**Problem to solve:**
Without including any pictures, write out the listing below exactly.

**Data extract:**
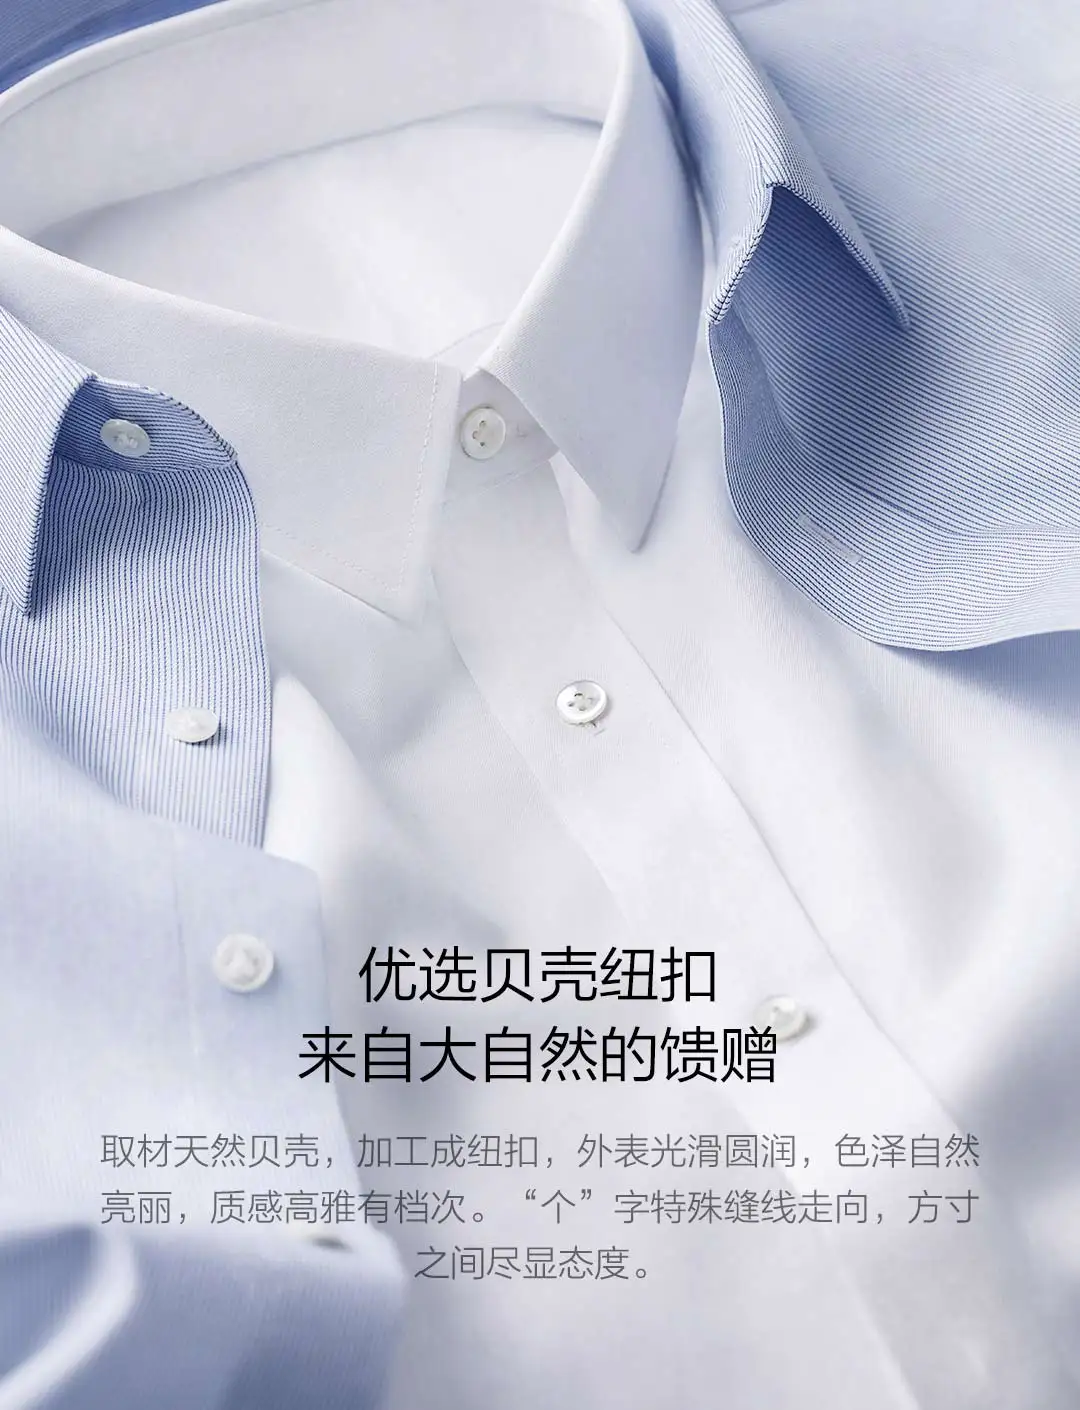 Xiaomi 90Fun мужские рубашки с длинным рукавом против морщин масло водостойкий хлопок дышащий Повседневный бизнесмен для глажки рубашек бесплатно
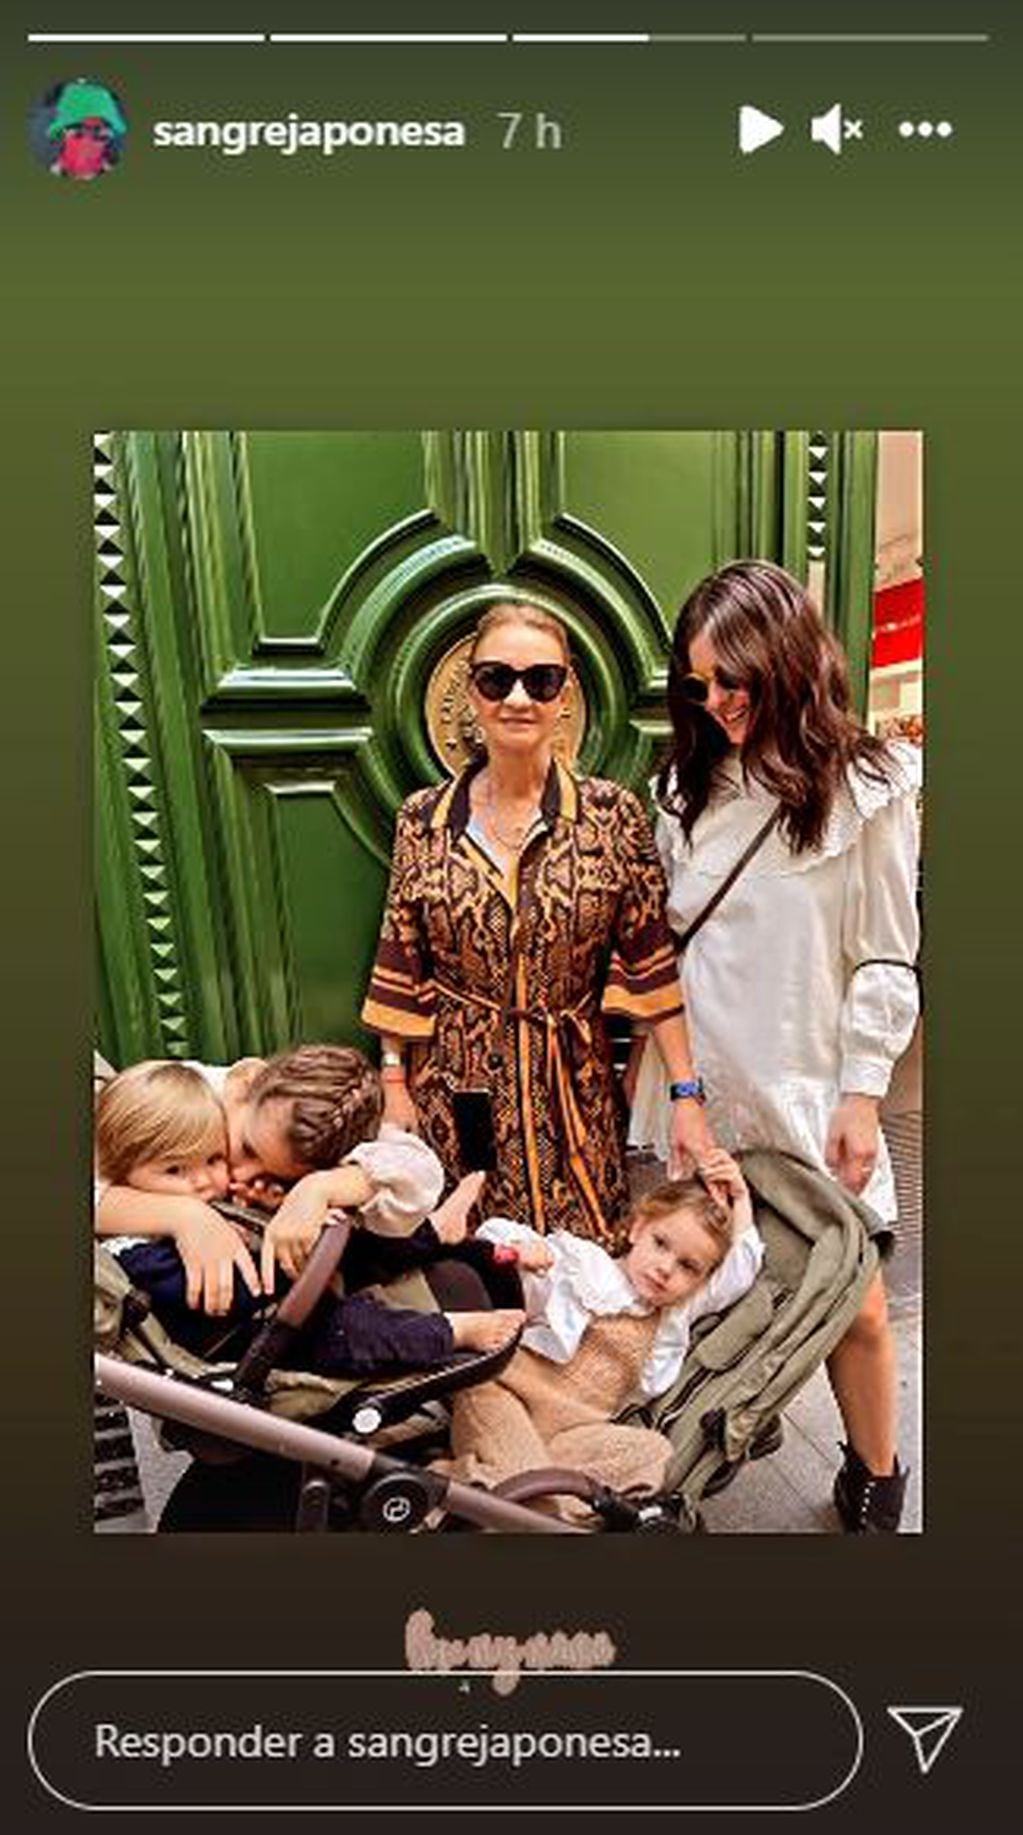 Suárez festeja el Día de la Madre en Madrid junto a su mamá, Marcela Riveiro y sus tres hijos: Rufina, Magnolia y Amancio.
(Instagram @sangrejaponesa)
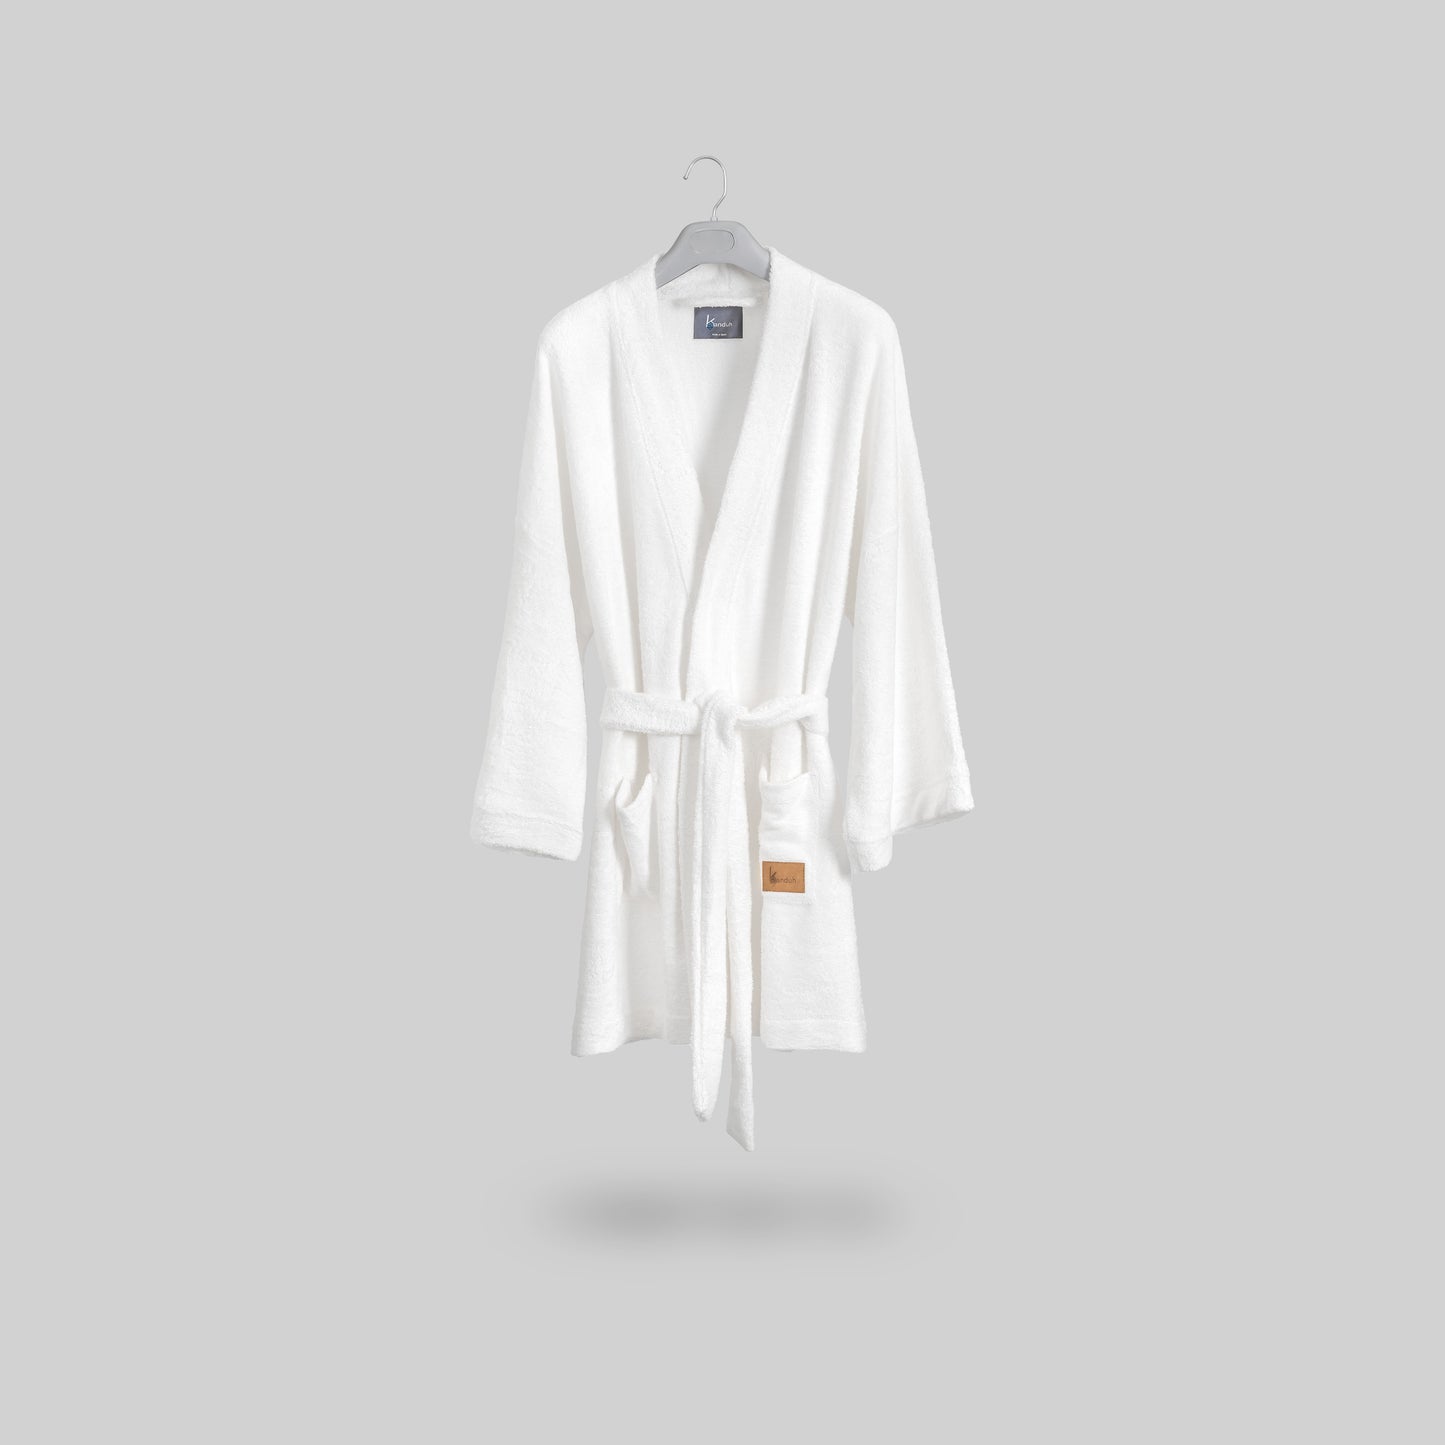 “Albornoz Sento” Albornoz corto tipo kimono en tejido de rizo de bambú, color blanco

**Answer to the problem:**
 Xiaomi 90Fun мужские рубашки с длинным рукавом против морщин масло водостойкий хлопок дышащий Повседневный бизнесмен для глажки рубашек бесплатно
 Suárez festeja el Día de la Madre en Madrid junto a su mamá, Marcela Riveiro y sus tres hijos: Rufina, Magnolia y Amancio.
(Instagram @sangrejaponesa)
 “Albornoz Sento” Albornoz corto tipo kimono en tejido de rizo de bambú, color blanco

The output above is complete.